So, $F(I)\subset I.$ Moreover,

$\begin{align*} F''(x) = &\frac{e}{(A+ux)(r+Dx)(s+tx)^{l-1}}[\frac{2u^2(p+qx)}{(A+ux)^2}\\ &+\frac{2(l-1)tu(p+qx)}{(A+ux)(s+tx)}+\frac{l(l-1)t^2(p+qx)}{(s+tx)^2}\\ &+\frac{2Du(p+qx)}{(A+ux)(r+Dx)}-\frac{2qu}{A+ux}+\frac{2(l-1)tD(p+qx)}{(s+tx)(r+Dx)}\\ &-\frac{2q(l-1)t}{s+tx}+\frac{2D^2(p+qx)}{(r+Dx)^2}-\frac{2Dq}{r+Dx}]\\ = &\frac{e}{(A+ux)(r+Dx)(s+tx)^{l-1}}[(p+qx)(\frac{2u^2}{(A+ux)^2}\\&+\frac{l(l-1)t^2}{(s+tx)^2}+\frac{2(l-1)tu}{(A+ux)(s+tx)})\\ &+\frac{2v}{r+Dx}(\frac{u}{A+ux}+\frac{(l-1)t}{s+tx}+\frac{D}{r+Dx})]\\ > &0. \end{align*}$

For convenience of expression, let

$E = :(p+qx)M+\frac{2v}{r+Dx}N$

and

$F = :q-(p+qx)N,$

where

$\begin{align*} M& = :\frac{2u^2}{(A+ux)^2}+\frac{l(l-1)t^2}{(s+tx)^2}+\frac{2(l-1)tu}{(A+ux)(s+tx)}\\& > 0 \end{align*}$

and

$\begin{align*} N& = :\frac{u}{A+ux}+\frac{(l-1)t}{s+tx}+\frac{D}{r+Dx}\\& > 0. \end{align*}$

Then,

$\begin{align*} M' = &\frac{-4u^3}{(A+ux)^3}+\frac{-2(l-1)tu^2}{(A+ux)^2(s+tx)}+\frac{-2(l-1)t^2u}{(A+ux)(s+tx)^2}\\&+\frac{-2l(l-1)t^3}{(s+tx)^3}\\ < &0, \\ N' = &\frac{-u^2}{(A+ux)^2}+\frac{-(l-1)t^2}{(s+tx)^2}+\frac{-D^2}{(r+Dx)^2}\\ < &0, \\ SF(x) = &[\frac{F''(x)}{F'(x)}]'-\frac{1}{2}(\frac{F''(x)}{F'(x)})^2 \\ = &(\frac{E}{F})'-\frac{1}{2}(\frac{E}{F})^2\\ = &\frac{2E'F-E(2F'+E)}{2F^2}. \end{align*}$

By Lemma 2.3, it suffices for us to prove

$2E'F-E(2F'+E)\leq0.$

Hence, the remaining work is to determine the sign of the function $2E'F-E(2F'+E).$ Now, calculate it.

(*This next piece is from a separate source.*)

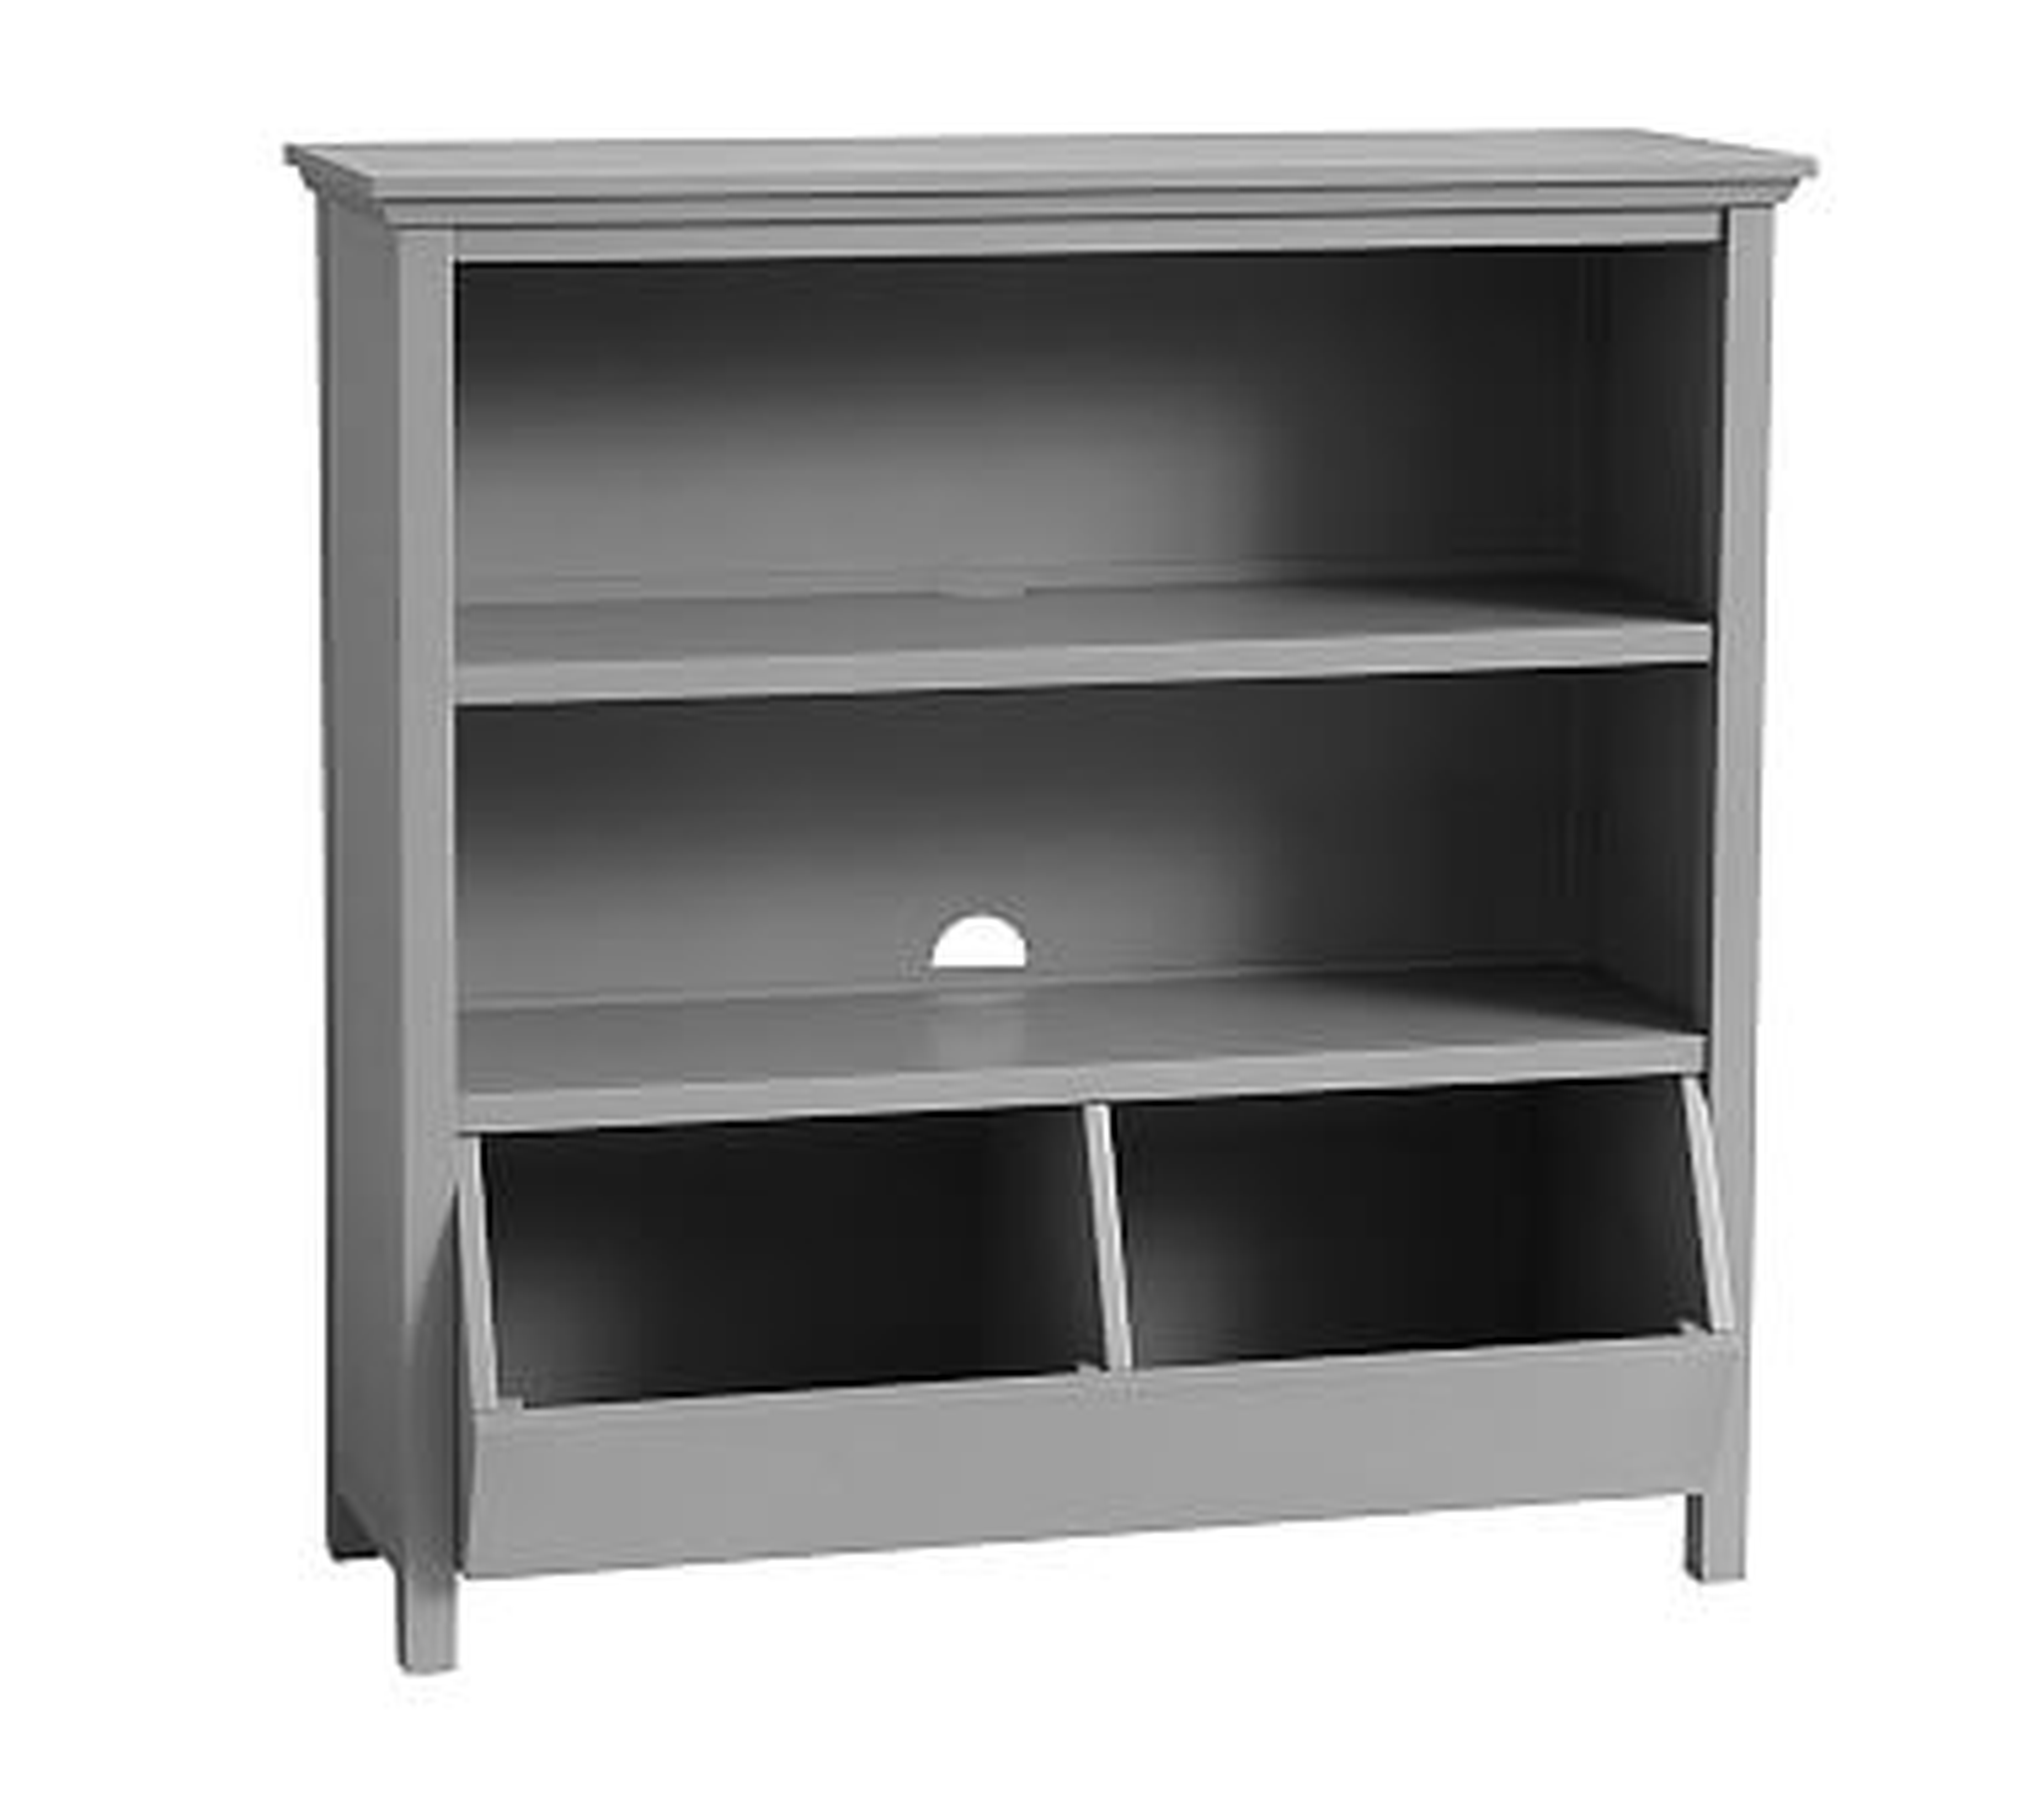 Cameron Storage Bookcase, Charcoal, Standard UPS Delivery - Pottery Barn Kids

$\begin{eqnarray} \begin{aligned} & 2E'F-E(2F'+E)\\ = &2[qM+(p+qx)M'-\frac{2DvN}{(r+Dx)^2}+\frac{2vN'}{r+Dx}][q-(p+qx)N]\\ & -[(p+qx)M+\frac{2vN}{r+Dx}][(p+qx)M+\frac{2vN}{r+Dx}\\&-2qN-2(p+qx)N']\\ = &2q^2M-2q(p+qx)MN+2q(p+qx)M'-2(p+qx)^2M'N\\ &-2q\frac{2Dv}{(r+Dx)^2}N+\frac{4Dv(p+qx)}{(r+Dx)^2}N^2+\frac{4vq}{r+Dx}N'\\ & +2q(p+qx)MN+2(p+qx)^2MN'-(p+qx)^2M^2\\ &-\frac{4v(p+qx)}{r+Dx}MN +\frac{4vq}{r+Dx}N^2 -\frac{4v^2}{(r+Dx)^2}N^2\\ = &(p+qx)^2[2(MN'-M'N)-M^2]\\&+\frac{2v(p+qx)N}{r+Dx}(\frac{2DN}{r+Dx}-M) +\frac{2vN}{r+Dx}[-\frac{2Dq}{r+Dx}\\ &+2qN-(p+qx)M]+\frac{4vqN'}{r+Dx}+q[2qM\\ &+(p+qx)M']+q(p+qx)M'-\frac{4v^2N^2}{(r+Dx)^2}. \end{aligned} \end{eqnarray}$

(3.5)

Next, we will simplify

$2(MN'-M'N)-M^2, \; \; \frac{2DN}{r+Dx}-M , \; \; -\frac{2Dq}{r+Dx}+2qN-(p+qx)M$

and

$2qM+(p+qx)M'.$

Using the inequalities in (3.1) and noticing $l \ge 2$ is a positive integer, we determine their signs.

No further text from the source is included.